Tantangan Kebenaran

TANTANGAN KEBENARAN

Dalam bagian tulisan ini, penulis akan menyajikan bahwa memang pada dasarnya kebenaran itu menolak eksistensi manusia, tetapi karakter terbentuk oleh pedasnya kebenaran. Api kebenaran akan membakar karakter yang bengkok, tingkah laku yang menyimpang.

Ancaman terhadap eksistensi martabat dan kelas sosial adalah kebodohan rohani yang dikerjakan oleh dosa. Kesenangan sendiri menyikingirkan kebahagiaan asli dan diantupkan mata hati untuk jelih melihat kebenaran.  Kekristenan merusak kesenangan sendiri, status sosial, dan eksistensi sehingga mengalami kekecewaan yang fatal. Memusatkan pada kekuatan diri, kemampuan intelektual, dapat diukur dengan kekayaan yang dimiliki, kekuasaan, kejayaan itu kemudian membuat memusatkan diri pada sekularisme materialistik. Hedonisme menjadi pusat dan keilahian. Hati telah direbut oleh kesenangan sekurel tadi. Telah lupa oknum pusat terakhir dan pusat berbagai-bagai sumber. Hati telah direbut dan menjadi pusat oleh ilah-ilah zaman. Ilah-ilah zaman seks, kejayaan, kekayaan, rasionalitas, intelektualistas dan lain-lain.

Pada zaman Renaisans, budaya baru telah cepat dan mampu mengubah tatanan kehidupan sosial. Dinamika perubahan itu memengaruhi manusia dan  kehidupan secara radikal. Dunia menjadi terbalik. Kombinasi pertemuan perubahan membawa perubahan baru yang dapat diterima dan manfaat baik yang dirasakan, dinikmati, dan dialami manusia, tetapi juga sebaliknya, yang dapat menyebabkan hal buruk datang dan merusak tatanan kehidupan bermasyarakat. Kebiasaan hidup orang Kristen berubah drastis. Hatinya telah diombang-ambingkan oleh dinamika perkembangan dan perubahan tersebut. Ketika banyak orang berbondong-bondong mengejar kesenangan dunia, api kebenaran dari dalam diri orang percaya telah pudar. Keadaan hati dan pikiran manusia yang tidak mau taat dan tunduk pada otoritas Allah membuat memilukan Allah. Seperti kebodohan dan pelanggaran orang Israel yang menolak kebenaran menjadi kekayaan bagi dunia dan orang lain (Roma 11:12).

Pengalaman hidup sama seperti orang-orang Kristen-Yahudi kerajaan Romawi Kuno. Dalam dunia yang terpopuler budaya helenisme berbau budaya Yunani kuno menaklukkan seluruh wilayah kawasan kerajaan Romawi kuno.
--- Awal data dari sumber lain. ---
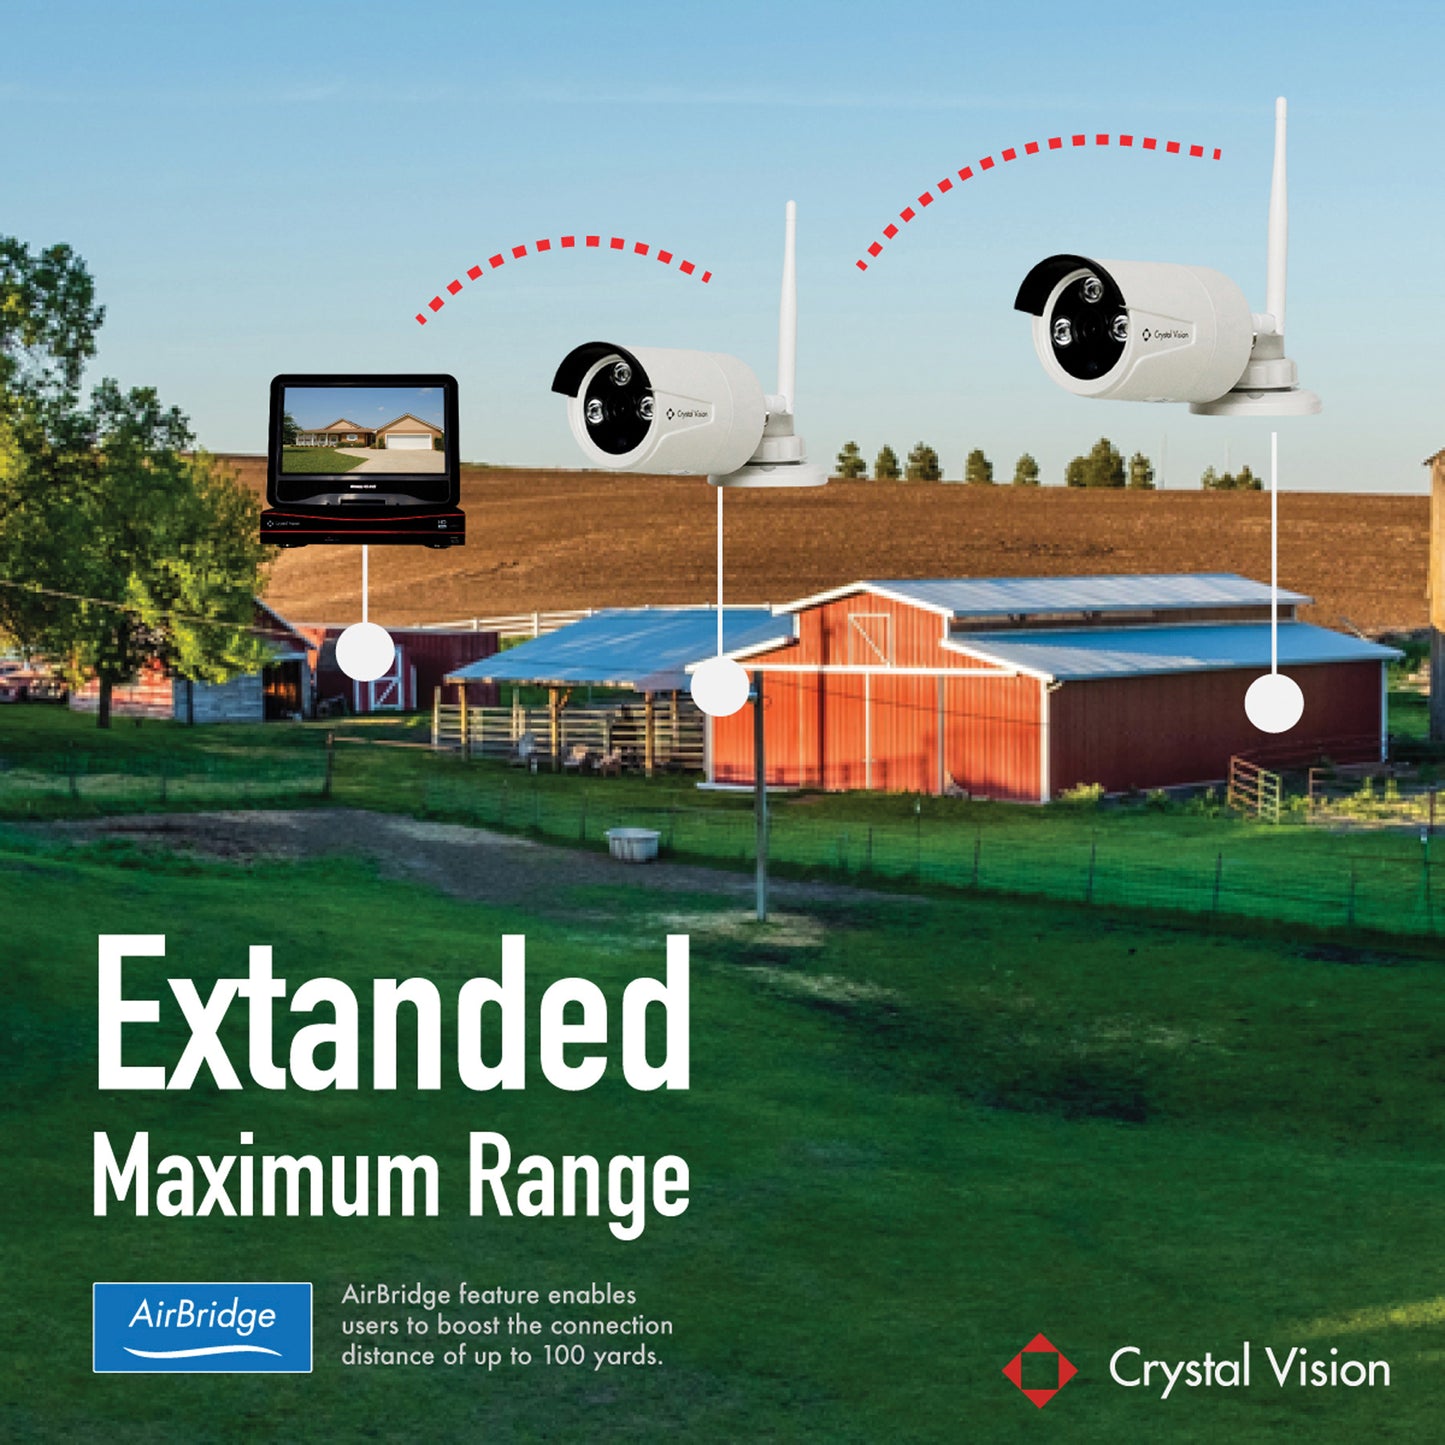 Promotional image for Crystal Vision showing _Extended Maximum Range_ with an AirBridge feature, depicting wireless security cameras connecting over a distance to NVR system

Filsafat orang Yahudi menyesatkan banyak orang Kristen. Kaum Sanhedrin menerjemahkan hukum ke dalam hukum sipil dan publik berdasarkan apa yang baik menurut parameternya, yaitu kaum profetik, yang paralel dengan kebudayaan setempat. Dalam tafsiran dan rumusan, sejumlah aturan Hukum Taurat Musa diterjemahkan sesuai dengan kebiasaan hidup warga setempat dan sangat baik kelihatan di atas kertas putih. Namun demikian, dalam praktiknya tidak disertai dengan hati yang pasrah kepada Tuhan. Dalam hatinya, tidak sama dengan apa yang mereka praktikkan. Hati mereka penuh dengan kebohongan dan memperdayakan banyak orang Yahudi dengan jalan penyimpangan dari kebenaran asli yang terkandung dalam hukum Musa tadi. Memungut kekayaan milik janda, duda, yatim piatu dan warga yang berada di kelas kedua atau ketiga dari stratifikasi sosial dengan jalan memilih pelayanan yang didasarkan pada maksud yang telah tertuang dalam Hukum Taurat tersebut. Mereka menafsirkan secara harfiah.  Menaati hukum sebagai suatu kewajiban agamawi/organisasi, tanpa menyadarkan lebih daripada itu sikap hati yang penyerahan penuh kepada Tuhan.  Tindakan sebagai sesuatu yang benar-benar keluar dari dalam hati itu yang benar dan dinilai Allah. Tetapi bukanlah demikia pada faktanya.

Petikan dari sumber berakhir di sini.